Occupazione e salari, pur fondamentali, non sono tutto. La forza-lavoro supera appena i 24 milioni, su quasi 60 milioni di abitanti. Al di là del rapporto profitto/salario, la distribuzione dei mezzi materiali e la condizione dei meno abbienti sono influenzate da una molteplicità di forze.
Manca, nella Costituzione, l’affermazione di un principio generale d’equità nella ripartizione degli averi, da perseguire in quanto tale. L’unico riferimento esplicito e concreto al problema distributivo è allo strumento fiscale: “Il sistema tributario è informato a criteri di progressività” (art. 53). Ma le vie per prevenire e per correggere una distribuzione sperequata, a monte e a valle del mercato, vanno ben oltre la tassazione progressiva. L’intero bilancio pubblico, il welfare state, l’istruzione, l’azione dello Stato in tutti i suoi strumenti dovrebbero orientarsi a questo fine. Specifico contro l’altro e più grave problema, la povertà, è l’art. 38: ”Ogni cittadino inabile al lavoro e sprovvisto dei mezzi necessari per vivere ha diritto al mantenimento e all’assistenza sociale”. Ma perché limitare il sostegno all’inabile al lavoro che al tempo stesso sia a rischio d’inedia, e non estenderlo a ogni cittadino che sopravvive, sì, ma in povertà assoluta?
Contrastare la sperequazione distributiva ed eliminare la povertà sono obiettivi, valori, coerenti con un’economia di mercato capitalistica, oltre che con la democrazia. Le considerazioni d’ordine morale volgono a favore di chi è posto in basso nella scala dei redditi e dei patrimoni. Volgono ancor più a favore di chi sopravvive in condizione di povertà assoluta. Ma alle considerazioni di natura etica[15] si uniscono quelle d’ordine economico.
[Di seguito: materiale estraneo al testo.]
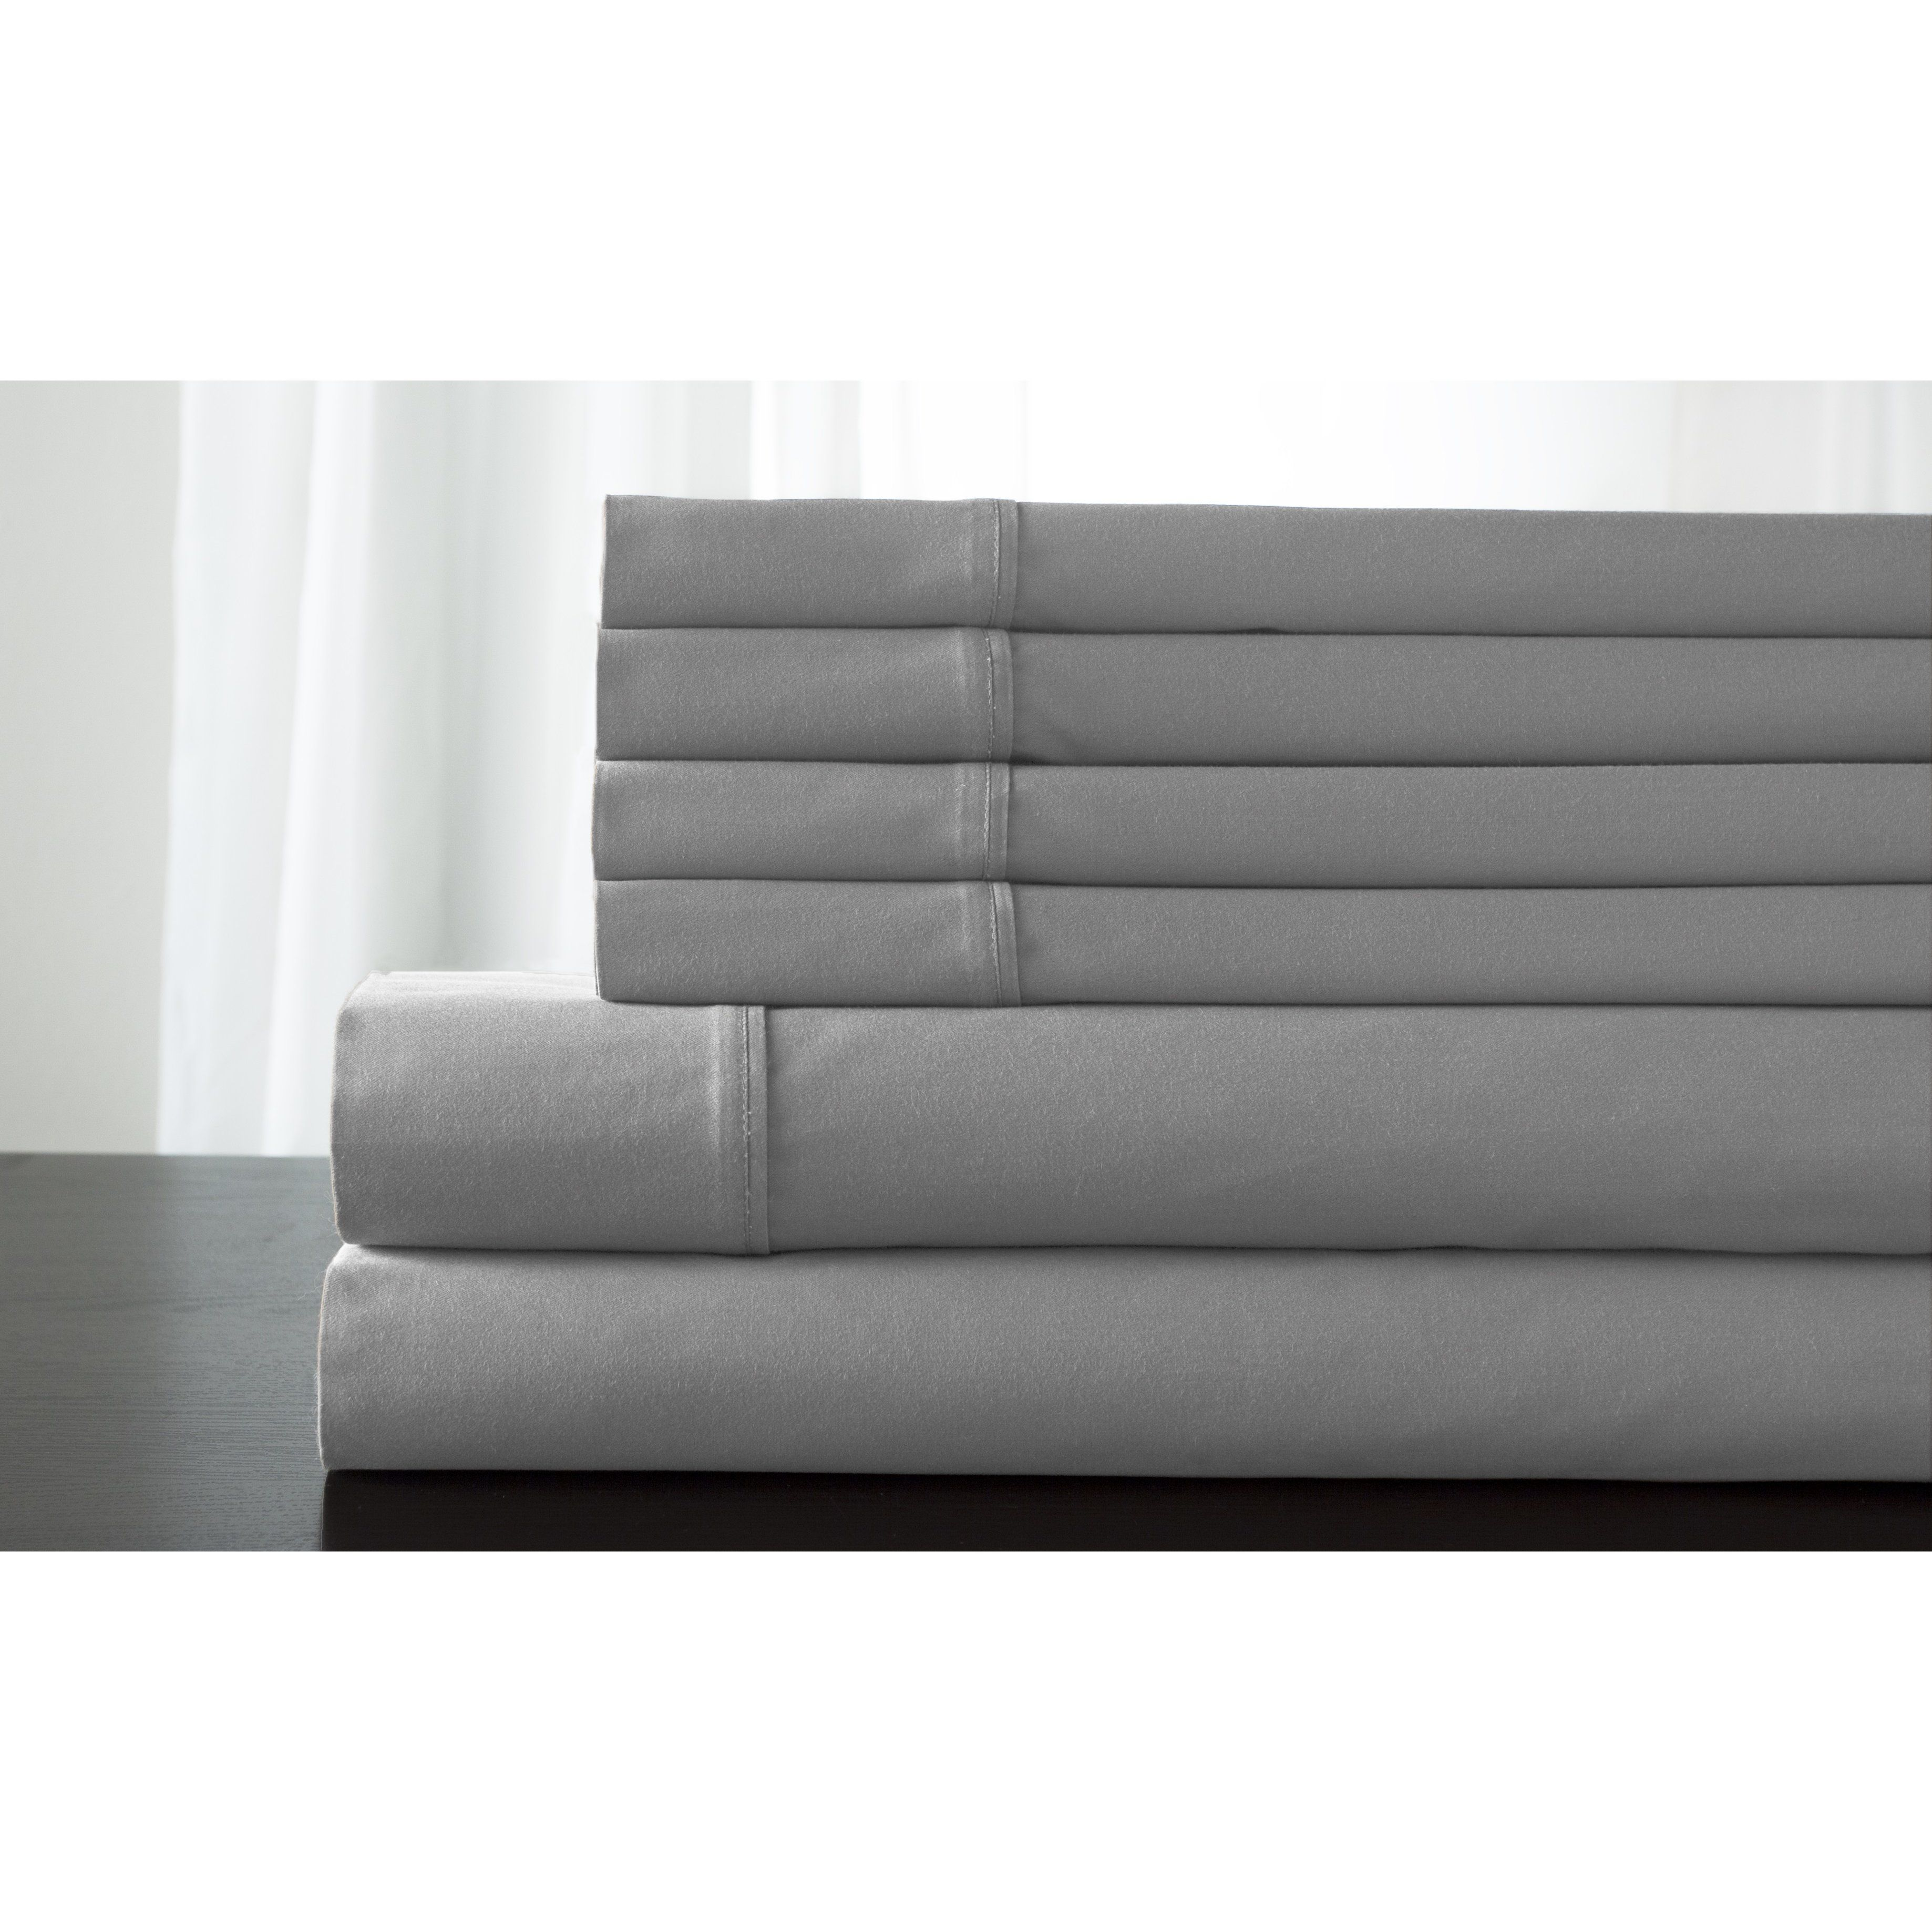 Customer Image Zoomed Bedding
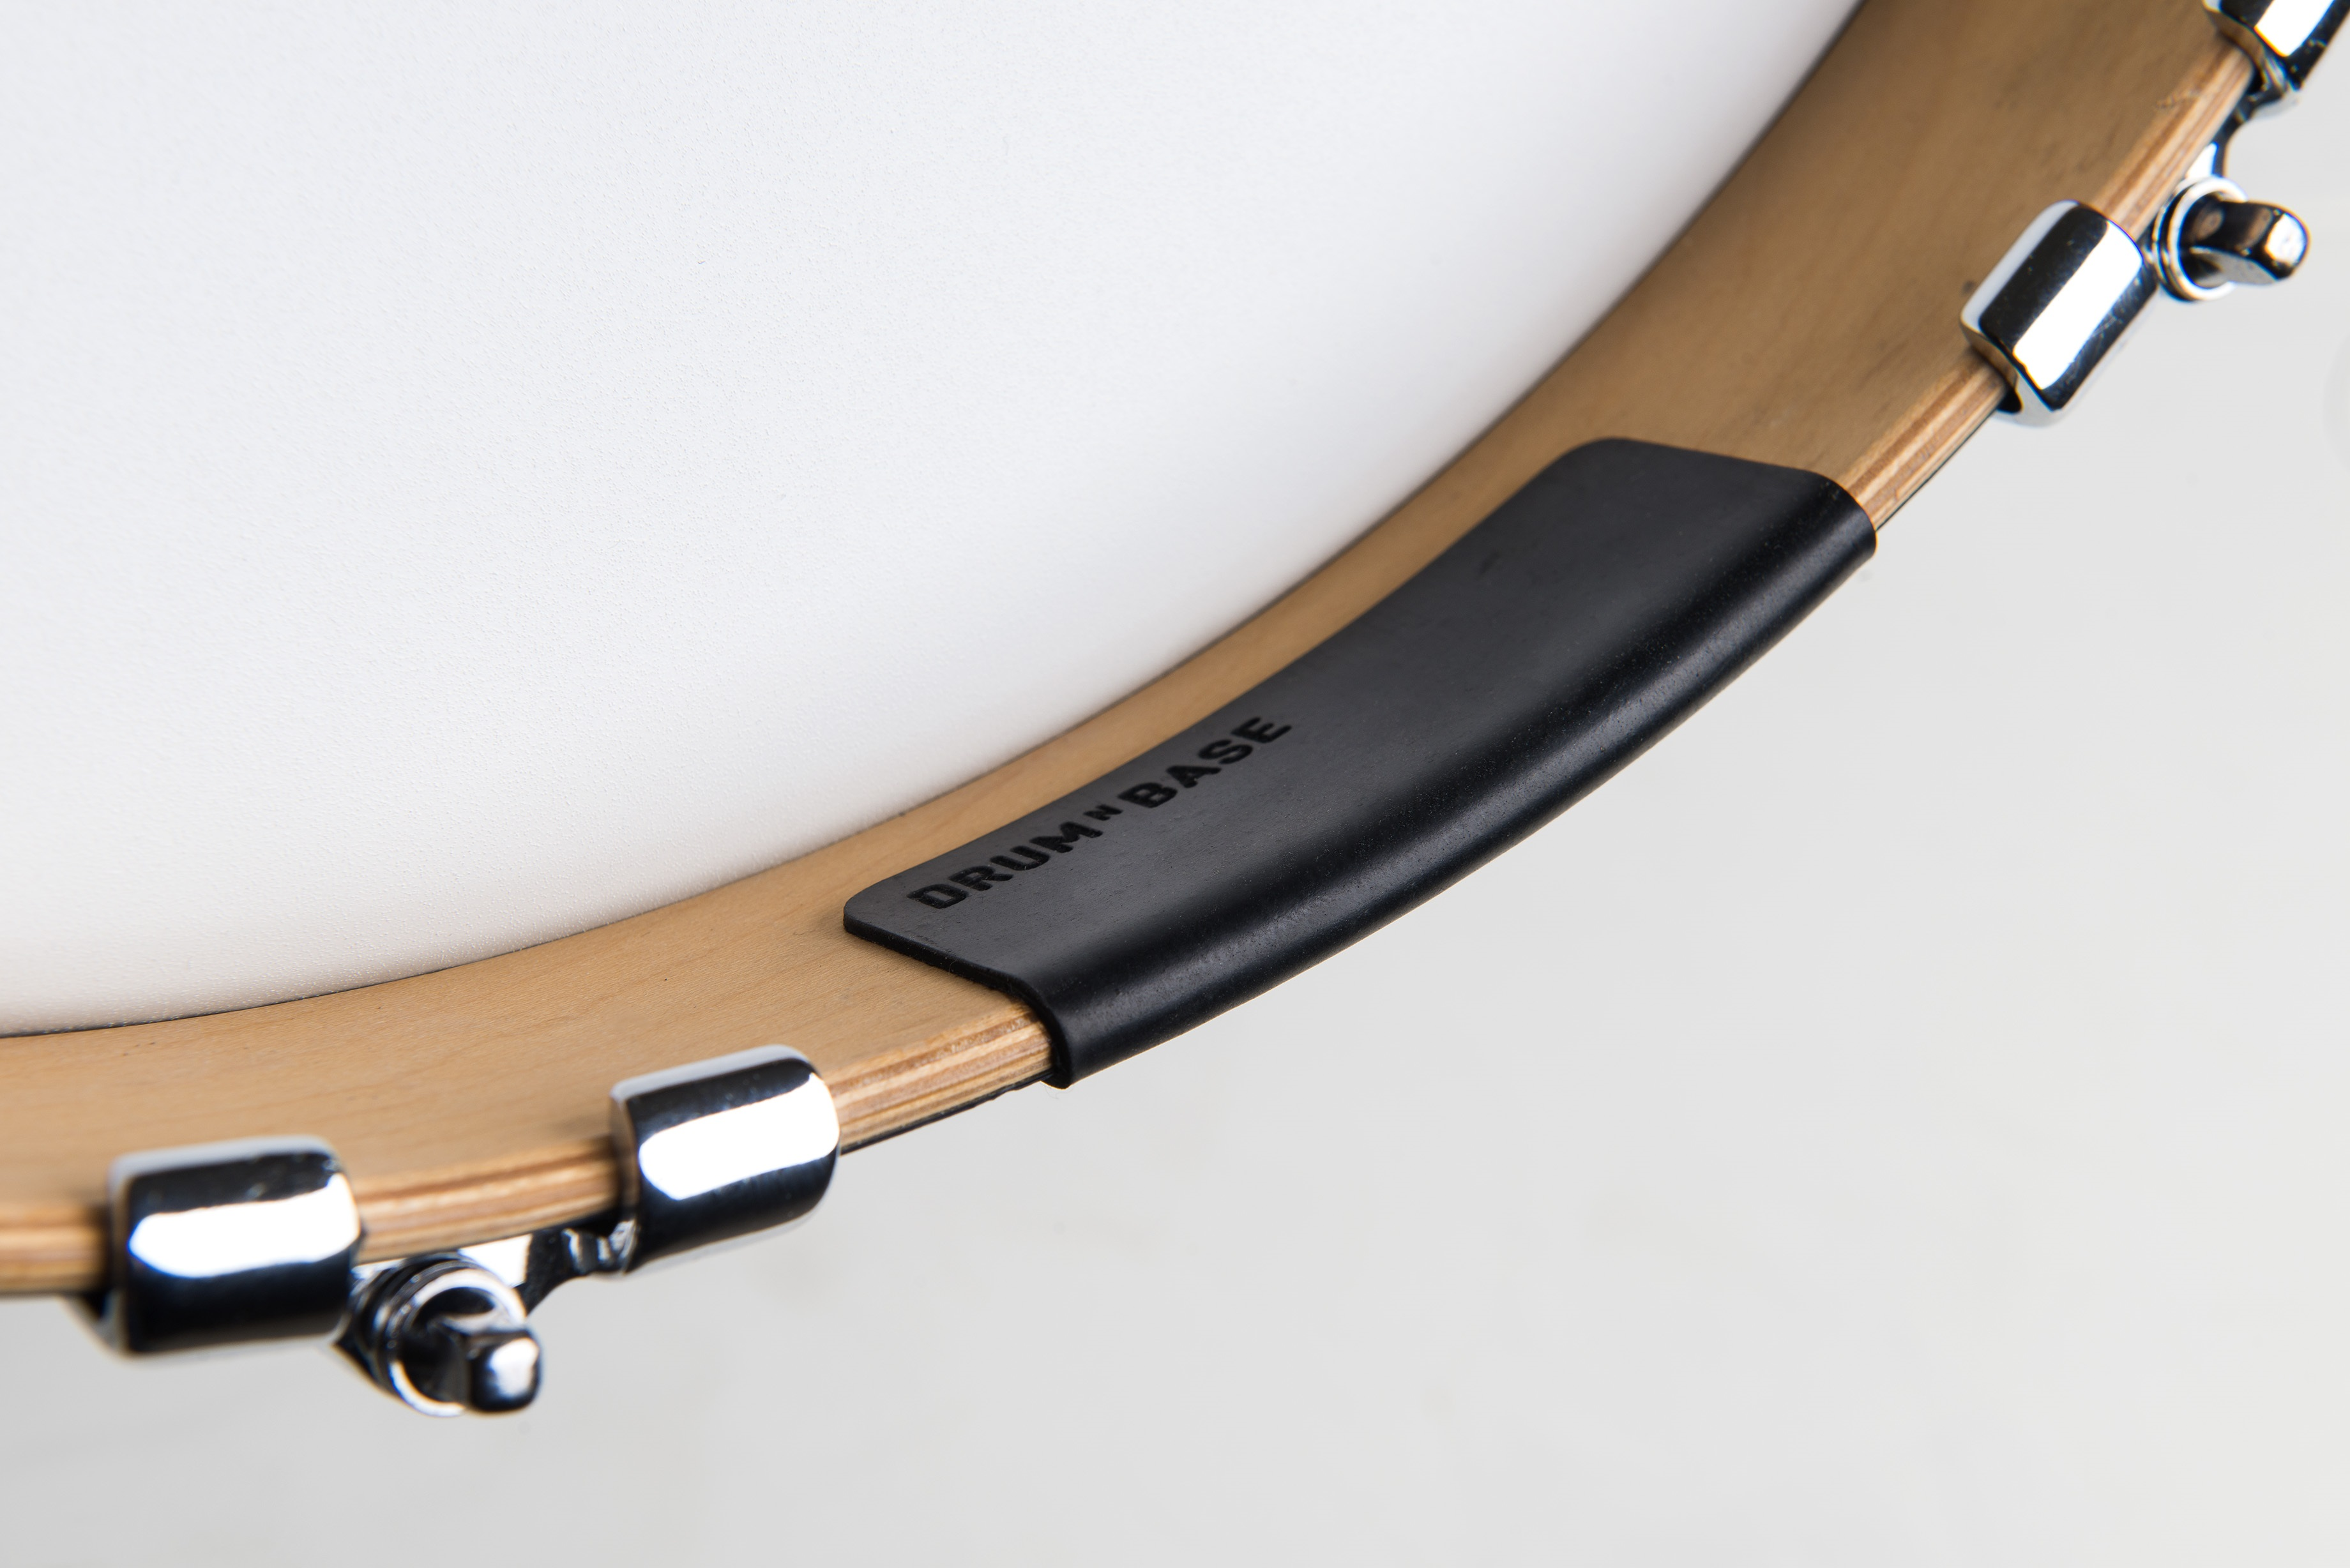 drumnbase launches hoop protect 180 drumnbasedrumnbase. Black Bedroom Furniture Sets. Home Design Ideas

Disporre di risorse aggiuntive consente a chi ne è privo di potenziare le proprie capacità culturali e professionali, quindi di contribuire al progresso dell’intera economia. Le indagini econometriche registrano una correlazione positiva fra equità distributiva e crescita economica[16].
Imprenditorialità, concorrenza, equità sono tre valori a cui la riforma organica dell’esperienza giuridica italiana potrebbe meglio ispirarsi.

Note

13.  G. Amato, Bentornato Stato, ma, il Mulino, Bologna, 2022, p. 30.

14.  J.A. Schumpeter, Funzione imprenditoriale e interesse operaio, (1927), in Id., L’imprenditore e la storia dell’impresa. Scritti 1927-1949, a cura di Alfredo Salsano, Bollati Boringhieri, Torino, 1993, p. 41.

15.  Un’anima tormentata dal problema della povertà fu quella del massimo degli scrittori (L.N. Tolstoj, Che fare, dunque?, (1882),  Fazi, Roma, 2017.

16.  Rinvio a P. Ciocca, Ricchi/Poveri. Storia della diseguaglianza, Einaudi, Torino, 2022.